The pedigree: This is Salles’s third time in Competition at Cannes, though he has yet to win a prize from the jury: “The Motorcycle Diaries” was rewarded with Ecumenical Jury Prize (and went on to land him a BAFTA, among other year-end honors for the film), while his polite but tepidly received 2008 follow-up, “Linha de Passe” won a surprise Best Actress award for Sandra Corveloni. His biggest European festival coup remains the Golden Bear at Berlin for his Oscar-nominated 1998 breakthrough “Central Station.” “On the Road” is his first English-language work since his 2005 horror remake “Dark Water,” an attempt to crack the mainstream that is better than some would have you believe.

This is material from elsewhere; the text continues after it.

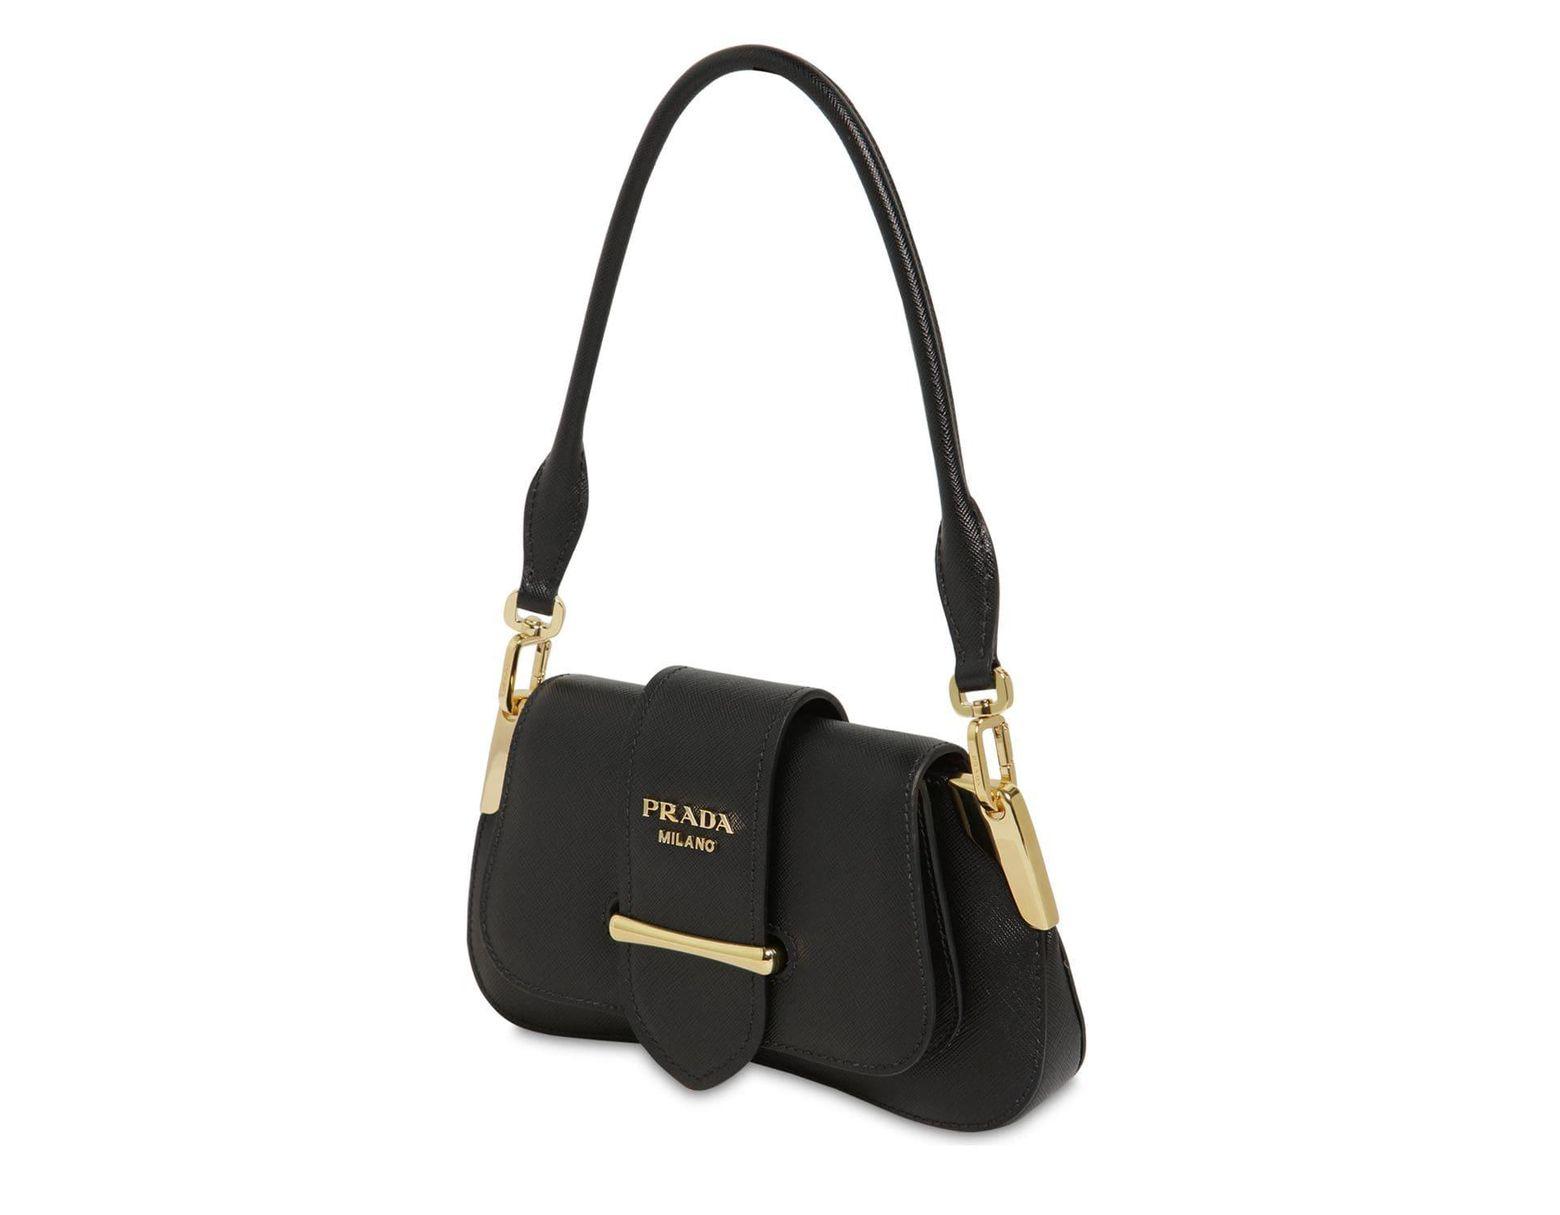 74d006119 Prada Small Sidonie Saffiano Shoulder Bag in Black - Lyst

The buzz: In terms of media attention, buzz is through the roof: the star-spangled cast, combined with the film’s classic, even cult-inspiring, source material and famously protracted journey to the screen, ensures this will be one of the biggest red-carpet draws of the festival. (If nothing else, it’s prompting certain message-board groupies to expand their literary horizons beyond Stephenie Meyer, so hurray for that.) Critically, however, the film has rather a lot of scepticism to overcome: there are many who believe Kerouac’s novel resists successful screen treatment, while others would prefer a more aggressive stylist than Salles, not a name that gets auteurist cinephiles particularly fired up, to have taken it on. A predictably handsome trailer answered few questions, so it’s all to play for. Still, news of the film being acquired by IFC and Sundance Selects promises a healthy arthouse profile even if the critics don’t swoon.
The odds: The bookies can sometimes be distracted by shiny star names, but not this time: with Paddy Power odds of 25-1, the film is at the back of the pack for the Palme d’Or, and will really need to wow the Croisette to turn that around. (That said, if Rivera does even a serviceable job of this daunting adaptation assignment, he could be in line for Best Screenplay honors.) An encouraging critical response, backing up its prestige-season US release, would be a big enough win for the film.